Water is still lost in several ways: the water recycling systems produce a small amount of unusable brine; the oxygen-generating system consumes water; air that's lost in the air locks takes humidity with it; and the CO2 removal systems leach some water out of the air. Engineers hope to get water recycling up to 95% efficiency or higher, the point at which the water in the astronaut's normal food supply would be sufficient to replace the water lost.
Fire suppression, gas mixture control, pressure management, leak detection, solid waste recovery, food storage, and more are all considerations life support engineers of future stations will have to take into account when building their orbital outposts.
The space around Earth is constantly bombarded by radiation from the sun and more distant cosmic sources, radiation that would fry most life on the planet were it not for the double protection of Earth's atmosphere and magnetic field. One of the main reasons the ISS was built in such a low orbit was so it could remain under the protective blanket of the planet's magnetic fields, greatly reducing the potential hazard to its crew.
However, future stations, depending on their purpose, may not have the luxury of such a location, and much greater attention will have to be paid to radiation shielding as a result.
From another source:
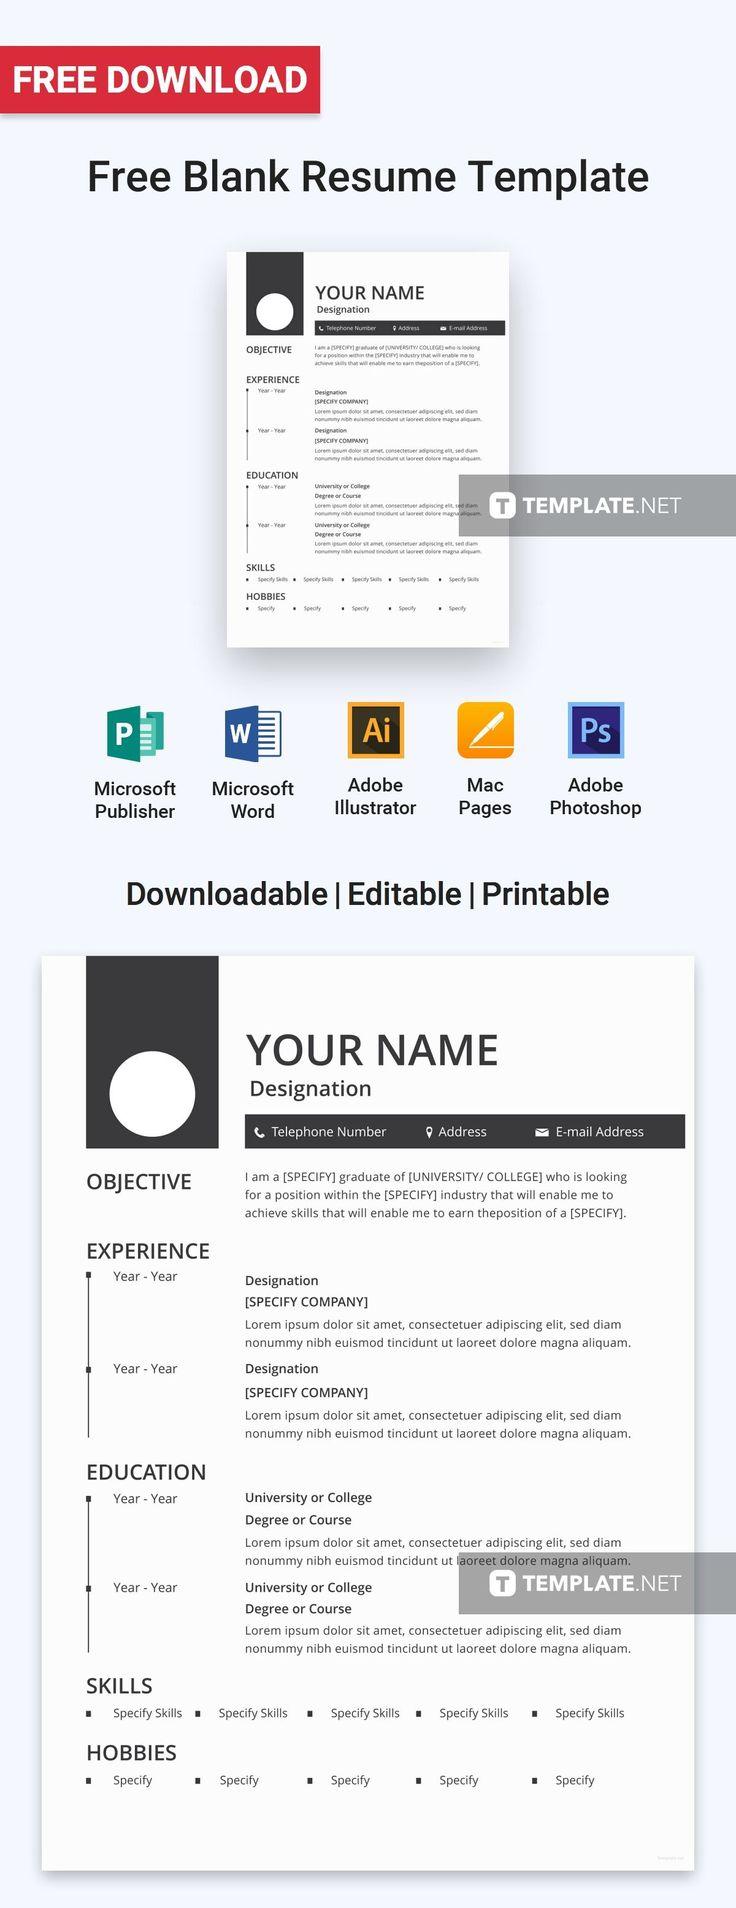 Free Blank Resume Programming Free printable resume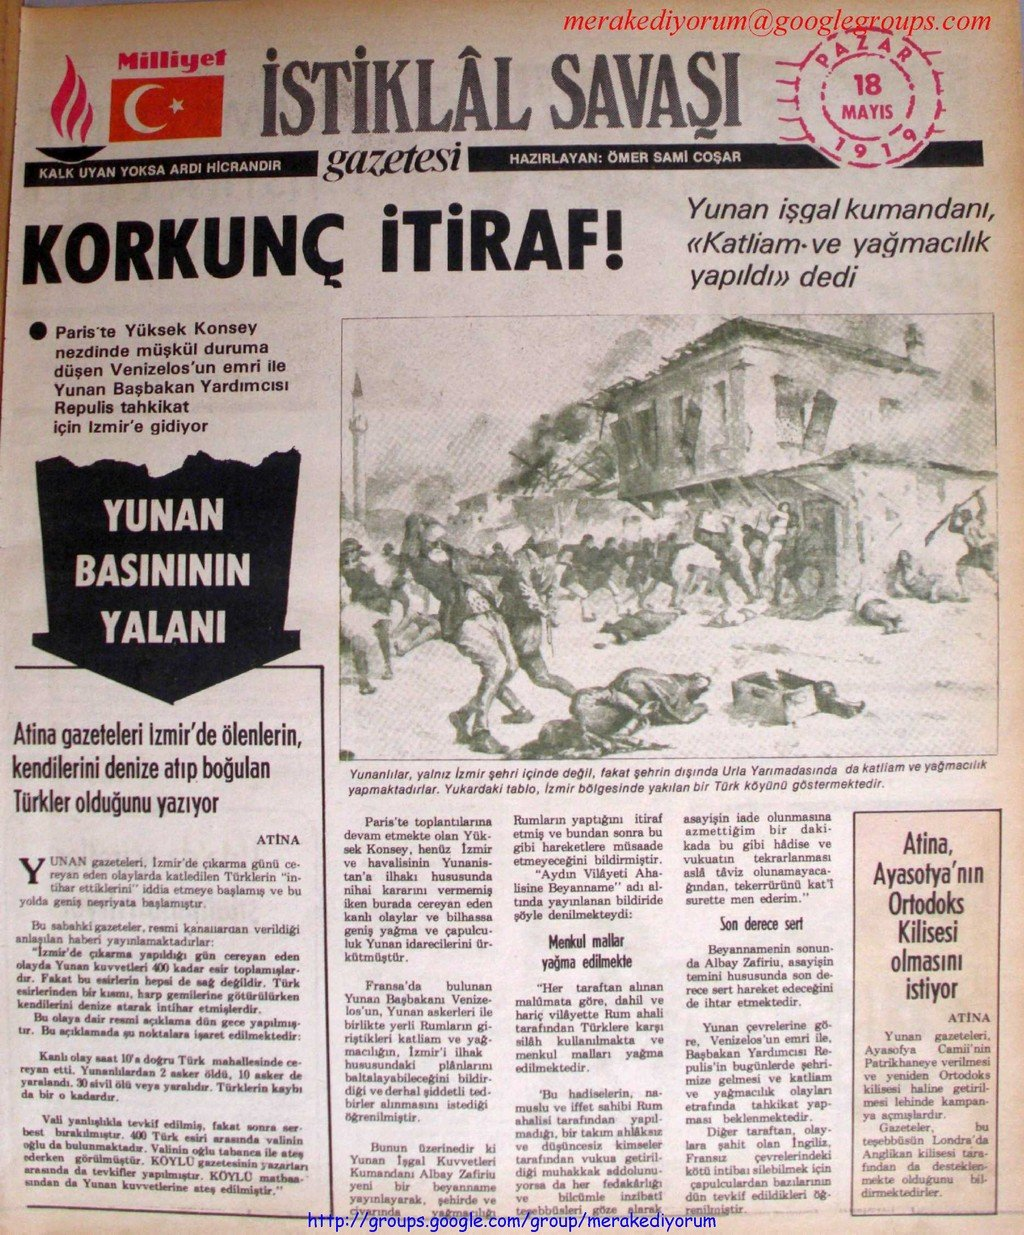 istiklal savaşı gazetesi - 18 mayıs 1919

Radiation shielding is traditionally heavy, composed of metal or composite material plates, and therefore can greatly add to a station's cost. NASA's Johnson Space Center is currently sponsoring the Space Radiation Health Project, designed to develop means of protecting future astronauts from spaceborne radiation hazards. The scientists working at the project have developed polyethylene fiber bricks, which are very effective at scattering and absorbing stray particles but are twice as light as aluminum of the same volume. The same technology is used to provide armor for combat helicopters, and the bricks can double as a micrometeoroid shield.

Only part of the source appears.